There was also an error w/ age first Dx, both were corrected in the updated workflow.  But, as it may be easier for some just to make the correction themselves in their currently configured version of the workflow, here are the 2 simple changes to make:  

  1. Open the Algorithm node, then open the Patient set node on the Algorithm page
  2. change #1: Configure the GroupBy - get date last colonoscopy node on the Patient set page
  3. Under the Options tab, for the dt Column on the right, click the Aggregration & change it from Last to Maximum, & click OK
  4. change #2: Configure the GroupBy - get date first Diagnosis node on the Patient set page
  5. Under the Options tab, for the dt Column on the right, click the Aggregration & change it from First to Minimum, & click OK
  6. Save the workflow & re-execute the CSV Writer node on the main workflow page ("1-Diverticulosis cases, controls, and ages") to generate corrected data

new data dictionary is posted, just a pared down version of prev. ver., sorry it got posted twice, the 2 file are the same.


Vivian had the following question, & below is the answer for others to see in case they were also confused:

In the flowchart, a case requires at least 1 positive mention of Diverticulosis.
However, when viewing the KNIME workflow, it appears that the requirement is at least 1 positive mention along with 0 negative mentions. If this is correct, does a negative mention at any time prevent the subject from being a case or is it only a negative mention within the same note as the positive mention?
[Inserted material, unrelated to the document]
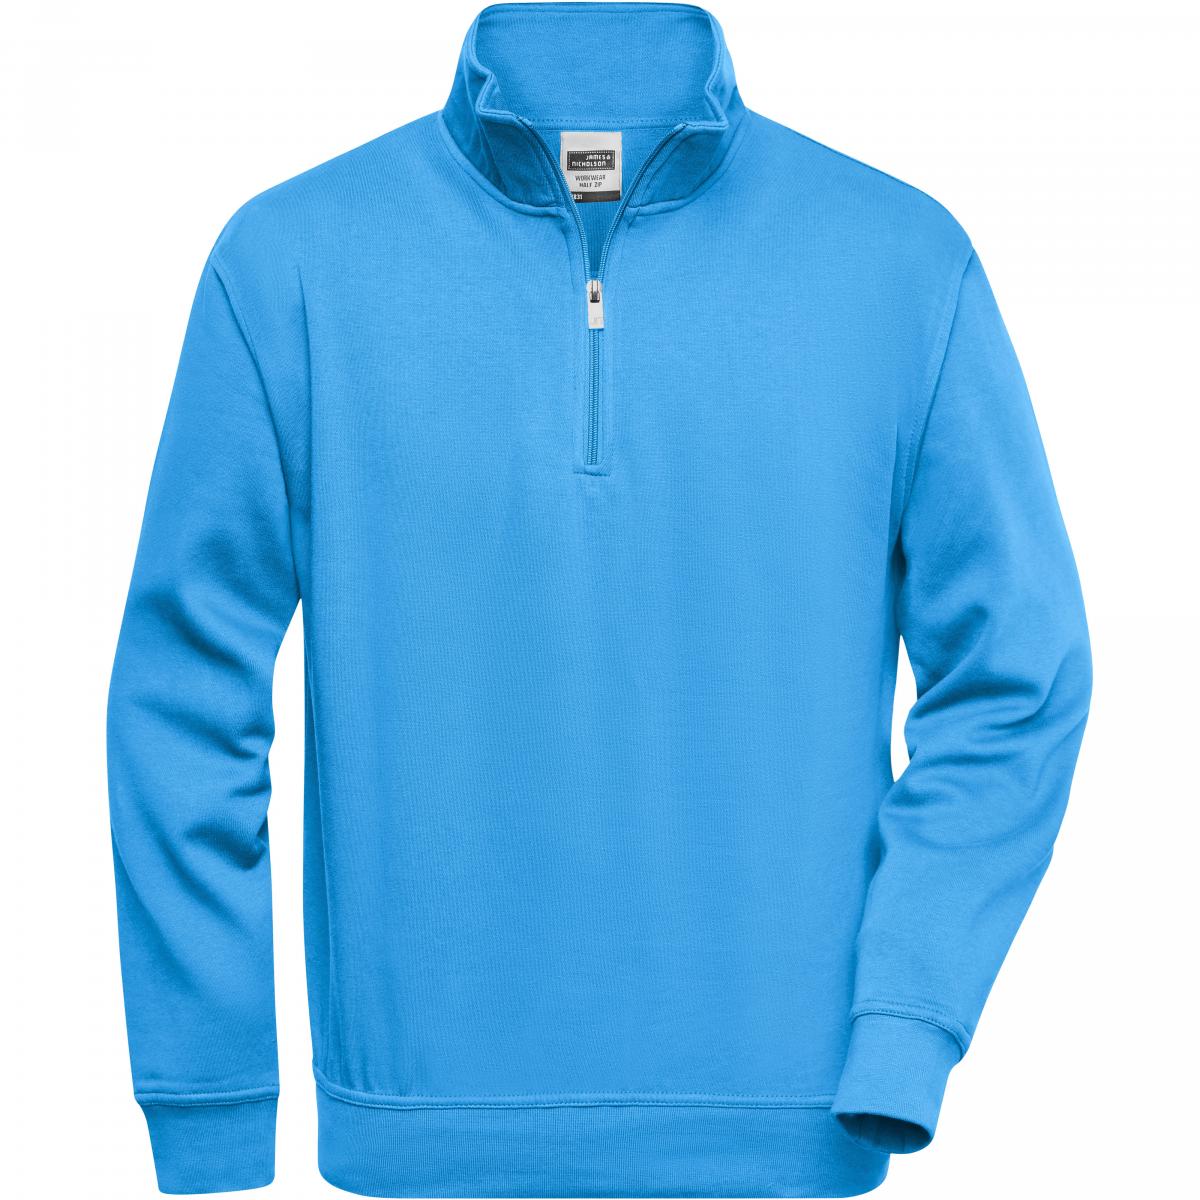 Hersteller: James+Nicholson Herstellernummer: JN831 Artikelbezeichnung: Workwear Half Zip Sweatshirt +Waschbar bis 60 °C Farbe: Aqua

That rule only applies w/in 1 colonoscopy or abd. CT scan rpt., i.e., if w/in the 1 report both neg. & pos. mentions, then neg. for that rpt.  But overall if >1 study/rpt. per pt., & if >1 positive, then a case.

Thank you Vivian for asking.



a newly validated data dictionary has been uploaded, and both within that file and the newly annotated flowchart file & new overview file, the difference between diverticulosis and diverticulitis is noted, i.e., if diverticulitis then also diverticulosis, both are cases, so if diverticulitis = Yes then case = Yes.